Well, for one thing, you can use the Intel ICH sound instead of nvaudio, It's built into the kernel, and it actually performs better than nvaudio.

----------

## trajedi

Stu i have the same mobo as you you must be using a pci card instead of the onboard correct.?

----------

## paulisdead

You need a patch to get the nvnet driver to work on 2.6 correctly.  I can't remember where I got it, somewhere on the nvnews forums I think.  I've uploaded to my webspace my ISP gives me if you want the patched driver

http://home.earthlink.net/~paulsdead/nvnet.tar.gz

If you have an nvidia video card, and need the patched driver, it's here http://www.minion.de/

With the nvnet module, under most of the 2.6 kernels, it would only work if I specifically insmod'ed it with the entire path name.  Seems to lload normally at boot with the test7 kernel, though.  At least that's how it's been for me.

----------

## cato`

The nvnet patch

----------

## jabbanoobiedoo

 *trajedi wrote:*   

> Stu i have the same mobo as you you must be using a pci card instead of the onboard correct.?

 

trajedi: there is no onboard graphics on the 8RDA+, you must be talking about the 8RGA+, nevertheless, onboard graphics can also be turned off on the RGA+ and the AGP-Port can be used...

----------

## jay

The patch can be applied, but compiling for 2.6-test6 breaks with undeclared IRQ interrupts.
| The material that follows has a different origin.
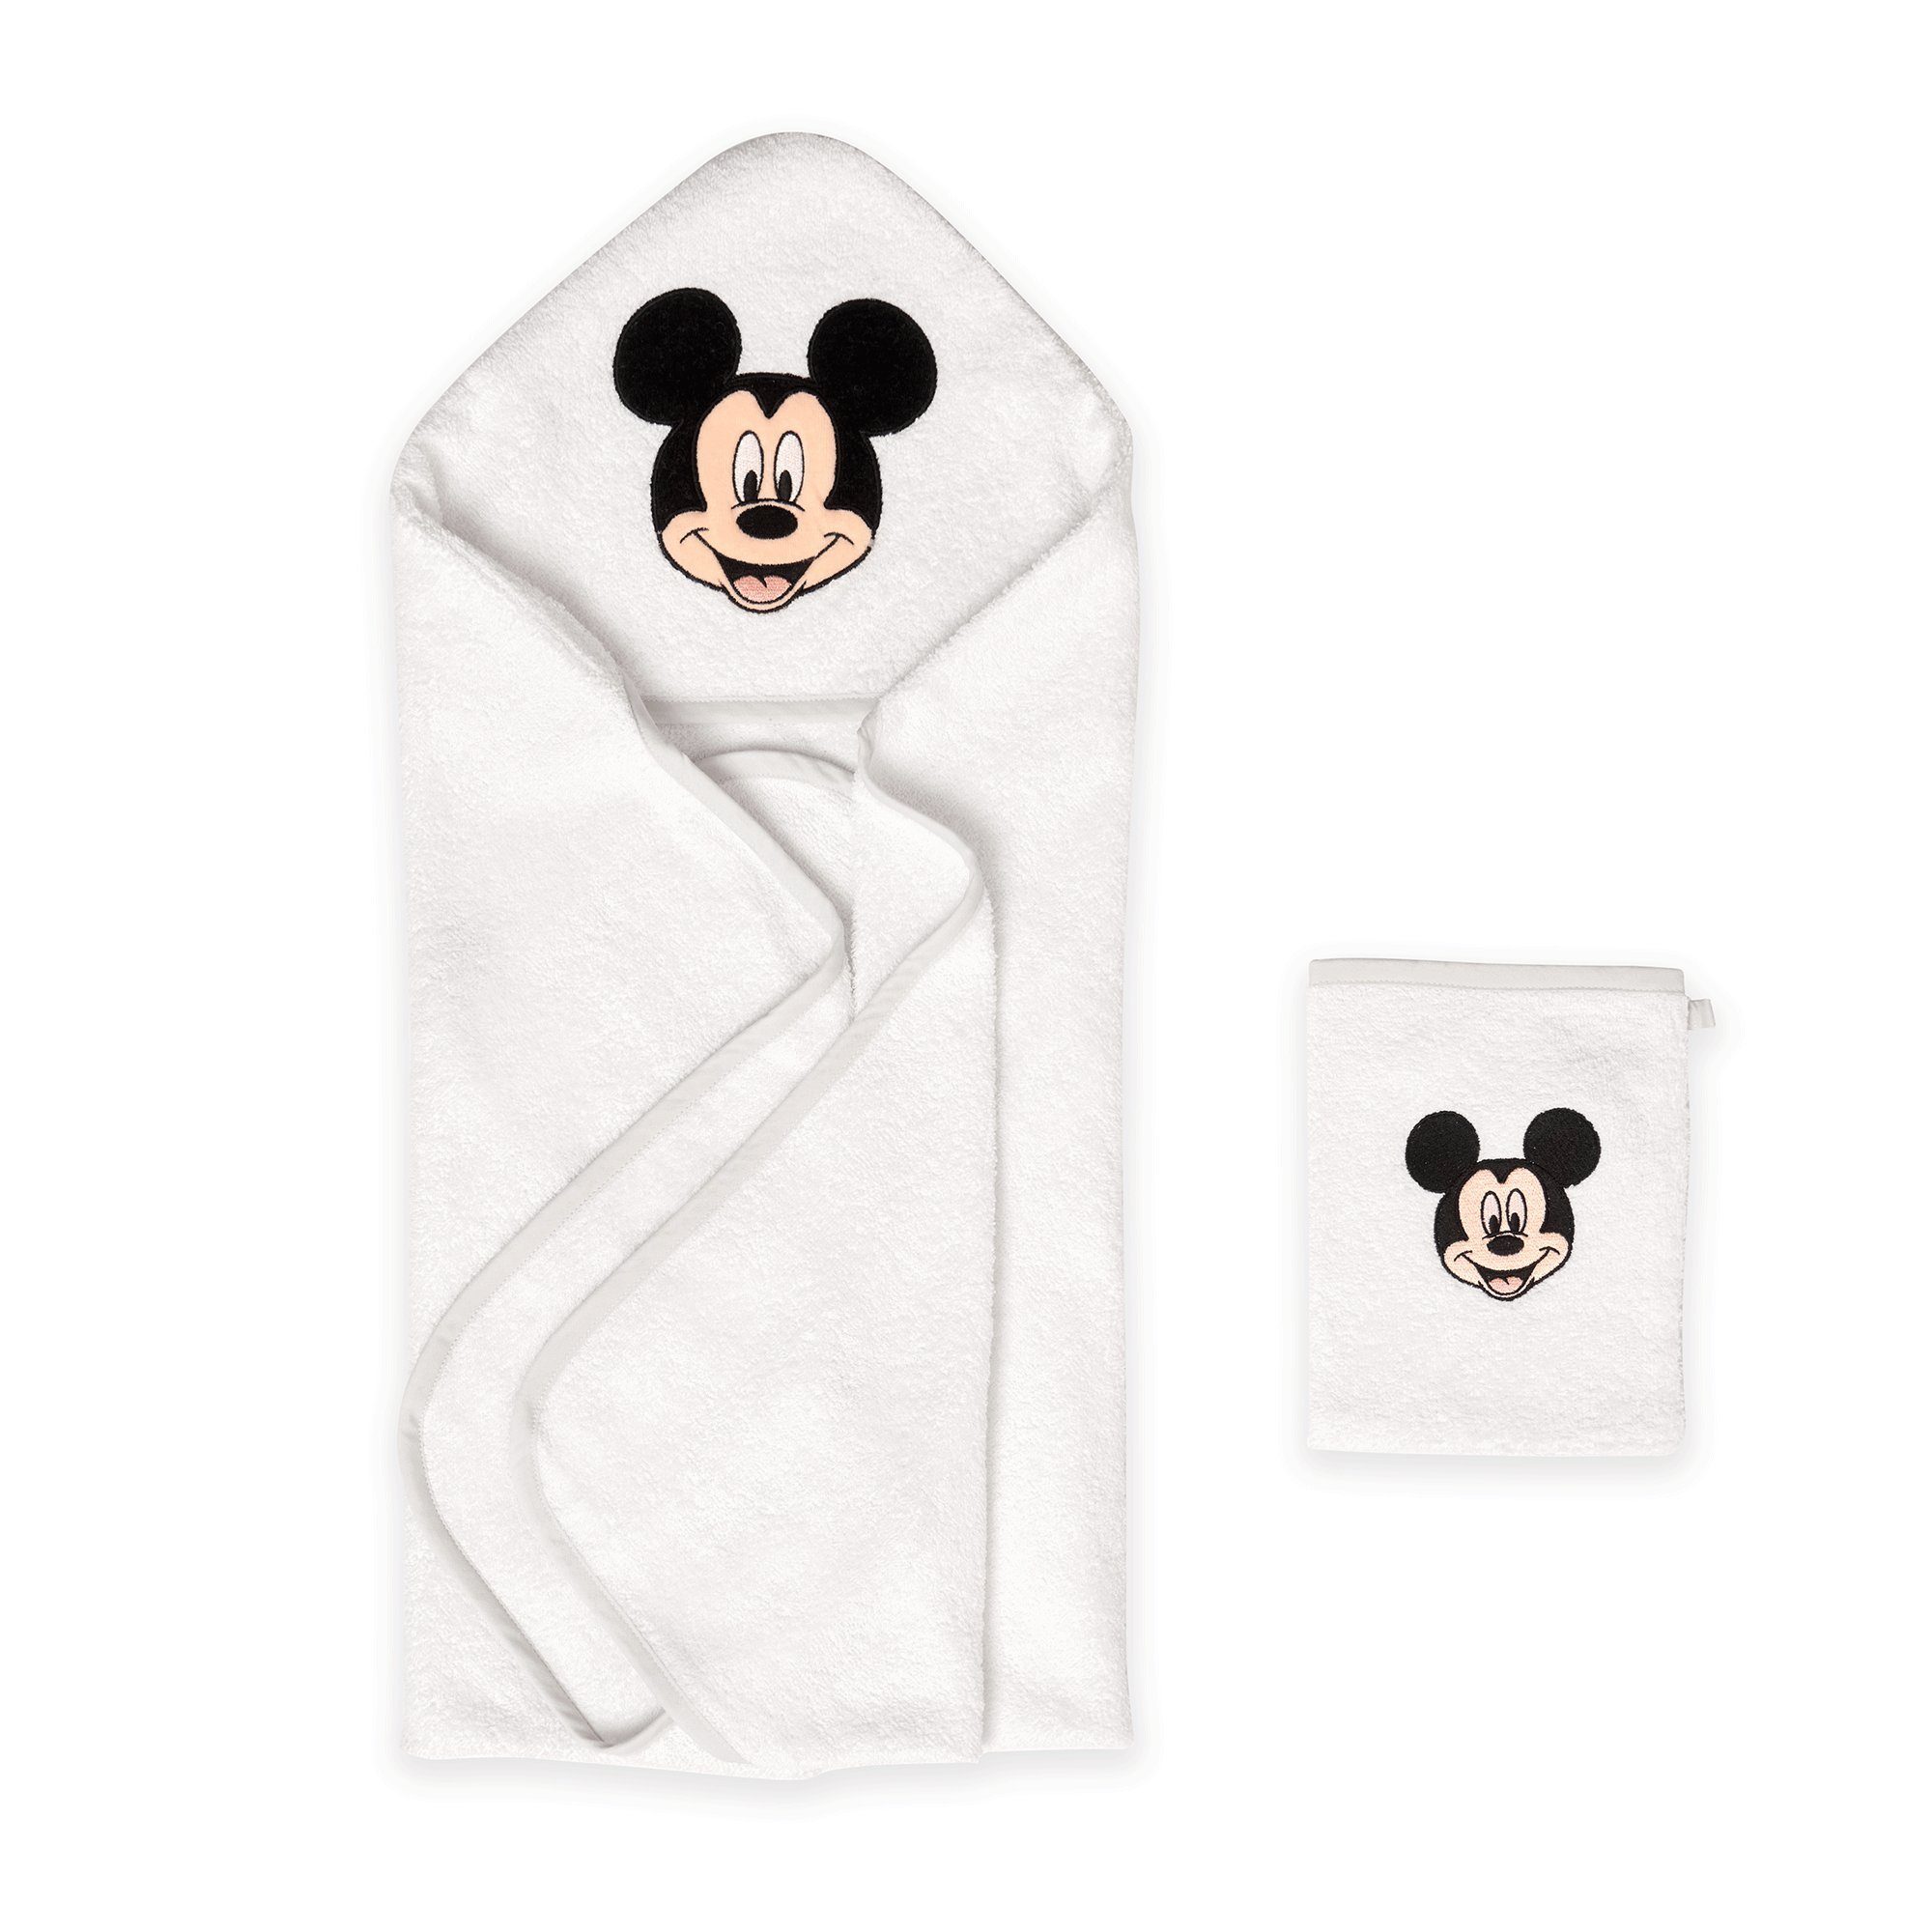 Disney Kapuzenhandtuch Disney Kapuzenhandtuch 2-teiling, Mickey mit Set, Baumwolle, Waschlappen Kapuzenhandtuch Baby 100

What kernel are you using?

----------

## blueworm

nvnet driver + patch has worked on all 2.6.0test kernels so far. 

For more complete help read this thread http://www.nforcershq.com/forum/viewtopic.php?t=24127

----------

## trajedi

 *jabbanoobiedoo wrote:*   

>  *trajedi wrote:*   Stu i have the same mobo as you you must be using a pci card instead of the onboard correct.? 
> 
> trajedi: there is no onboard graphics on the 8RDA+, you must be talking about the 8RGA+, nevertheless, onboard graphics can also be turned off on the RGA+ and the AGP-Port can be used...

 

whoops i ment nic.. =\

----------

## felldown

I had the same issue with the patch not working as someone else on this thread.

After examining the logs and the Makefile, I determined that my problem was that the Makefile was improperly determining the include path for gcc.
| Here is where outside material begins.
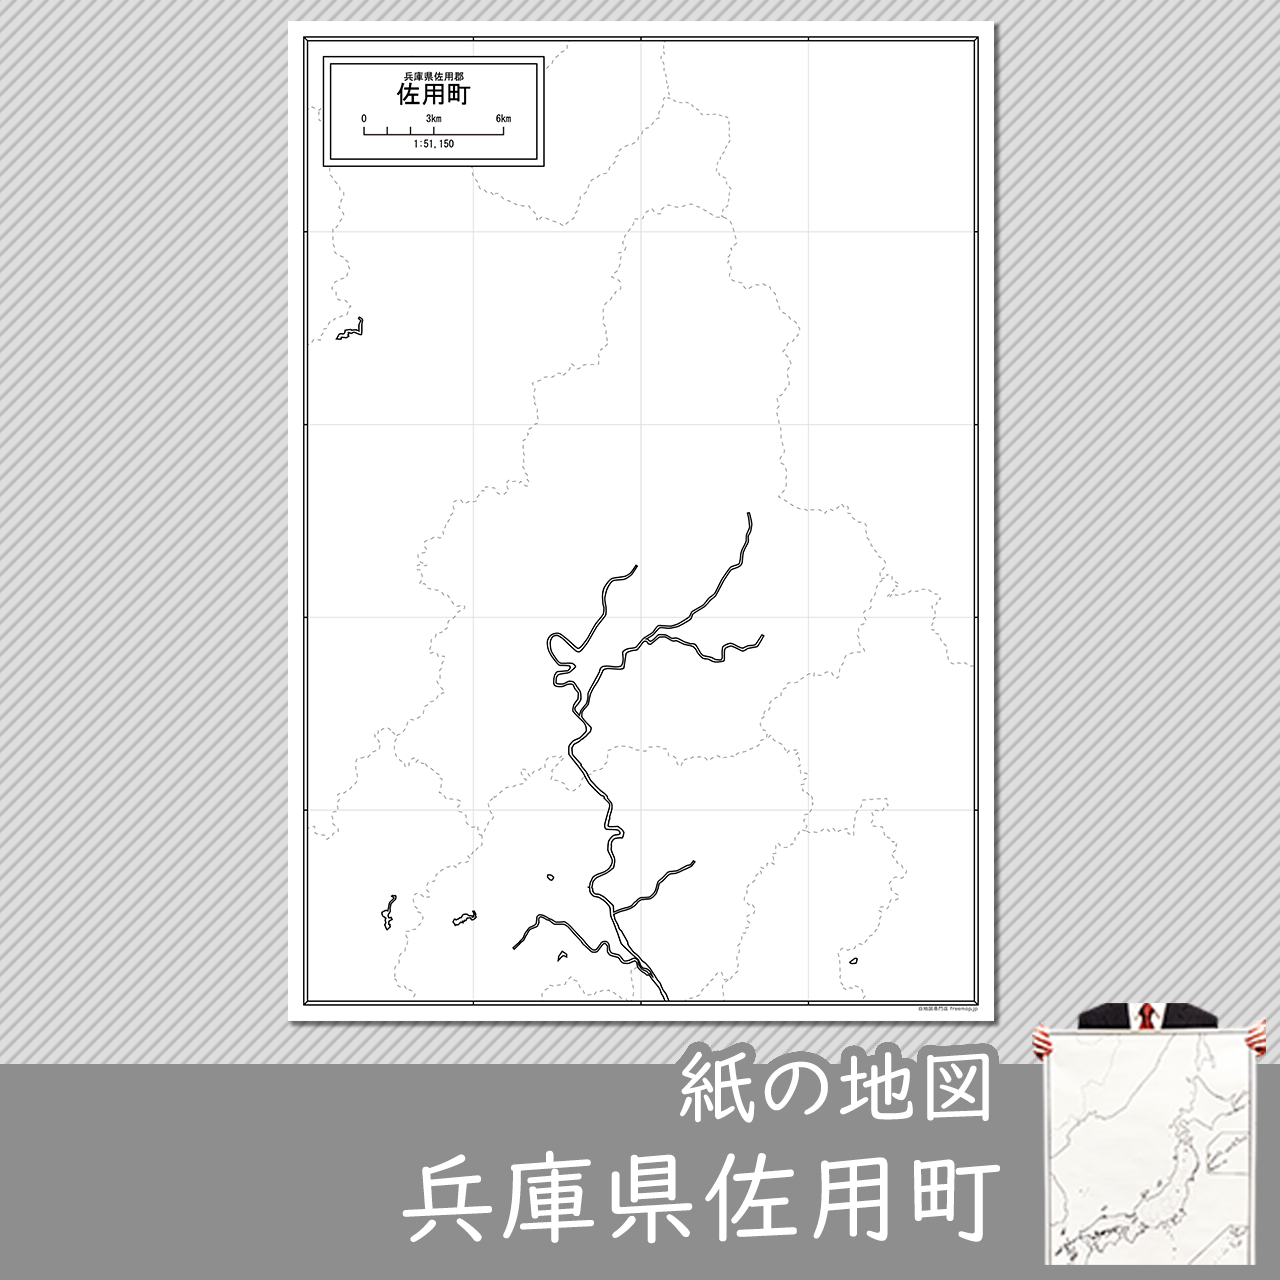 佐用町の紙の白地図

It's slightly hackish, but I found that symlinking linux-2.6.0 to whatever your kernel sources are fixed the problem.

----------

## stephenv

what does 

"symlinking linux-2.6.0 to whatever your kernel sources are"

Mean exactly???

I 

thought my kernel sources were at /usr/src/linux-2.6.0-test9... and welll....they are linked to /usr/src/linux

I still am getting compile errors when using the patch... and no compile errors when not using the patch... 
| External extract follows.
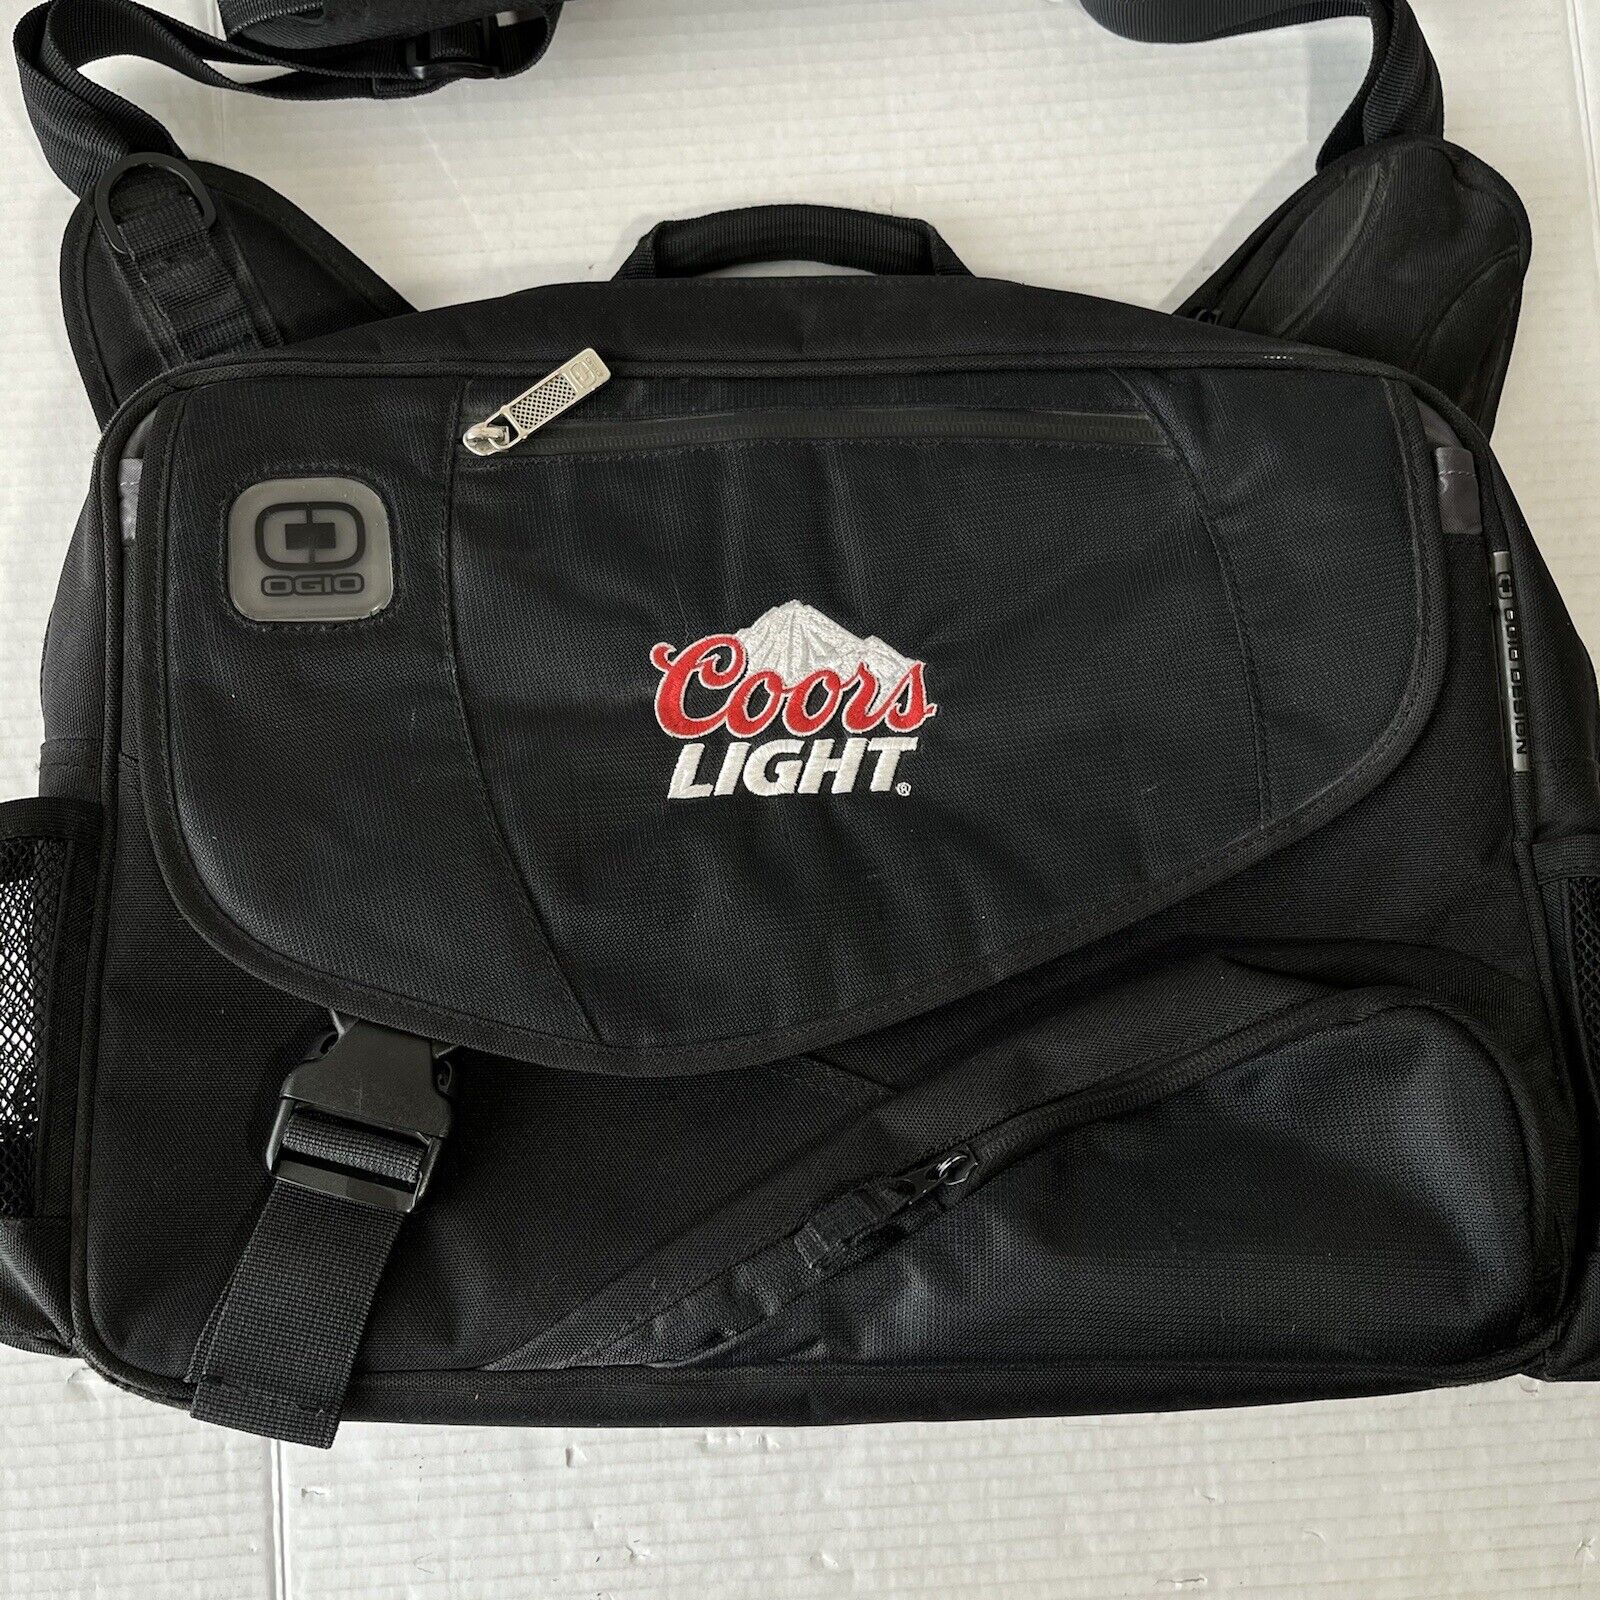 OGIO Street Hip Hop Coors Light Messenger Bag Black Padded Laptop Backpack

either way I took someones advice and am trying 2.6 but cannot get nvnet working. I could sure use some help here.

----------

## felldown

For the compile errors I seemed to be getting, creating a new symlink that pointed /usr/src/linux-2.6.0 to wherever my kernel sources are (say /usr/src/linux-2.6.0-test9) seemed to allow the sources to compile. Not positive why, but I suspect the patched Makefile isn't perfect or my system has funny quirks that I am not aware of.

----------